Takes less of the owner’s time. The idea behind building systems is so you have more time. If you are “reinventing the wheel” every day because there is no system in place for your team to follow, you end up doing everything yourself. Ultimately, you want to streamline your business so you can have more time to pursue your life goals.

As I write this section, I have been traveling for almost three weeks. It’s July 4th, and my wife and I are at our little beach condo in Florida. My staff knows what to do. They don’t need me. We were in Australia for almost two weeks, and I didn’t have a phone with me. My wife asked me about ten days into the trip, “Have you talked to your office?” I said, “Uh, no.” “Don’t you need to check in with them?” she pressed. “Uh, no…they know what to do. Remember I have a turnkey business.” “Oh that’s right,” she said.

One of my coaching clients built his business from almost nothing to over $2 million per year—and he takes fourteen vacation weeks each year and travels all around the world. It can be done. Now please understand that you don’t want to be irresponsible. You still have a responsibility as the owner of that company. You must make sure that your managers are leading properly and that things are being implemented properly.

I liken it to investment property that is managed by someone else. You own the property (and therefore have responsibility), but you don’t have to do the day-to-day management.

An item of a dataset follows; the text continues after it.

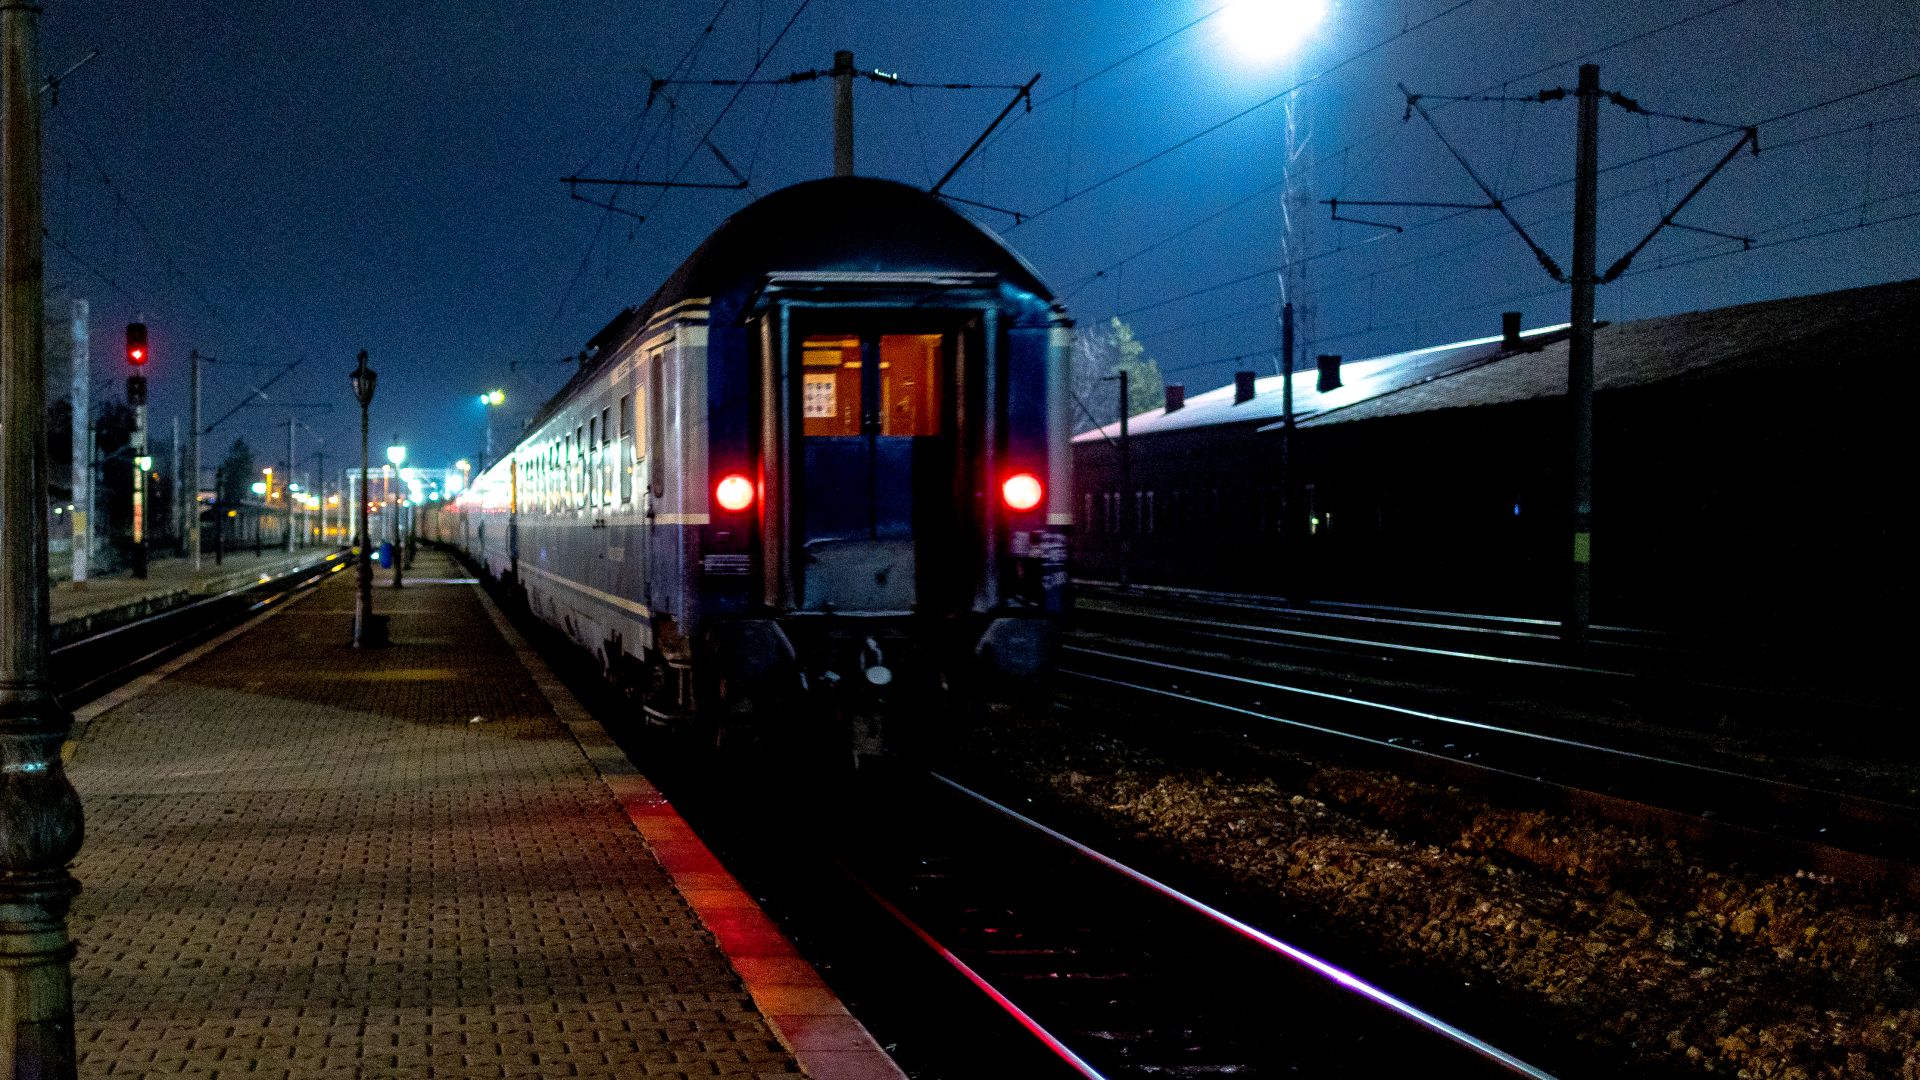 A train pulling in to a platform

Another caution is not to exit too soon. I have another client who did not have the right team; and although his business was profitable and he was able to travel a great deal, he began to travel continuously and things began to fall into disrepair.

A saleable business. Finally, would you like to sell your business for a lot of money one of these days? What if one day you could sell your business and retire on the proceeds. How would that be? I have found that there are two responses to this question. The first one is, “No! I love what I do!” And the fact is that many times the work we do in our business is a ministry—it’s our expression—or perhaps we love the technical work we do (or some other part of the work “in” the business).

If that is your response, you still need systems in your business! Here’s why. What if you had to sell your business? A friend of mine has a hereditary kidney condition that will one day take his life. It took his brother’s life. As far as he knows, it is inevitable.

The problem is that his current business depends on him! He is a genius at what he does, but it isn’t a turnkey system. So, he has been feverishly building another company that will help him reach his most important life goal: to leave his family with the finances they need to live comfortably.

You may not want to sell your business right now. But sooner or later, you will “leave the building,” as we all do! Whoever takes over that business will need a system. And if you have to sell it for some reason, you can.